Assigned task:
For the word "Shirt", find each line in the entries where it occurs and copy that line.

---+---

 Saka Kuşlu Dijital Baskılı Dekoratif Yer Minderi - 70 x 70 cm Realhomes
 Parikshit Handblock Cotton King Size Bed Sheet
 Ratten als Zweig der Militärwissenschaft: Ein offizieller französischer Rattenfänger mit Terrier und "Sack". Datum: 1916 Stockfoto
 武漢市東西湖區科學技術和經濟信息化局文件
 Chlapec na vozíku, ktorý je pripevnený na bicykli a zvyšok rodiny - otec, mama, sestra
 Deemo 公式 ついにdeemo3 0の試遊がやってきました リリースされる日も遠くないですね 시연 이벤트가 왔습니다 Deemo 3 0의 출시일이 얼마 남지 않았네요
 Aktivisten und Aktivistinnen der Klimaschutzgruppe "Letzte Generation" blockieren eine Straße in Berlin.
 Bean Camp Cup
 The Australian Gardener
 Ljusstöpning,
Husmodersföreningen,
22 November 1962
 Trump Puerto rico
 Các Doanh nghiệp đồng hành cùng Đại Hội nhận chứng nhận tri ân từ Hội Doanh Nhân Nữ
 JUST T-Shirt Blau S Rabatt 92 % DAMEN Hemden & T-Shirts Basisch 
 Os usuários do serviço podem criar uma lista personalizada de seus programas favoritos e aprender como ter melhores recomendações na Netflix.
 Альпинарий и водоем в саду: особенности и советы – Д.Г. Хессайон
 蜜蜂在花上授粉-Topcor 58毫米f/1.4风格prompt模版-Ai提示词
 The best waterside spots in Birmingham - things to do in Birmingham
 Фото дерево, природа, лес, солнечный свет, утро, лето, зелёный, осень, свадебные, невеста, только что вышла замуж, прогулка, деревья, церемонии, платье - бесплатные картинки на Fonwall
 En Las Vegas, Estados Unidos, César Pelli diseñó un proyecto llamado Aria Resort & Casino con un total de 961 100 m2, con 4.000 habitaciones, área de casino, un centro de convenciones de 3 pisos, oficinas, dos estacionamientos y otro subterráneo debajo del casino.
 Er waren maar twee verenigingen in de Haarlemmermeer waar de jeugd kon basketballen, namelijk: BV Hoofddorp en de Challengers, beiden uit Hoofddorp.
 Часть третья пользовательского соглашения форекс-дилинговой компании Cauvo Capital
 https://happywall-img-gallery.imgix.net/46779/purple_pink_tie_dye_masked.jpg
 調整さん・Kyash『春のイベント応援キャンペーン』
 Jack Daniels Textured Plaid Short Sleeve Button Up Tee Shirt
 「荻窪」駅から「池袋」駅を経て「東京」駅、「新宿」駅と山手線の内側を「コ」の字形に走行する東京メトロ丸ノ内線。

---+---

Finished exercise:
 JUST T-Shirt Blau S Rabatt 92 % DAMEN Hemden & T-Shirts Basisch 
 Jack Daniels Textured Plaid Short Sleeve Button Up Tee Shirt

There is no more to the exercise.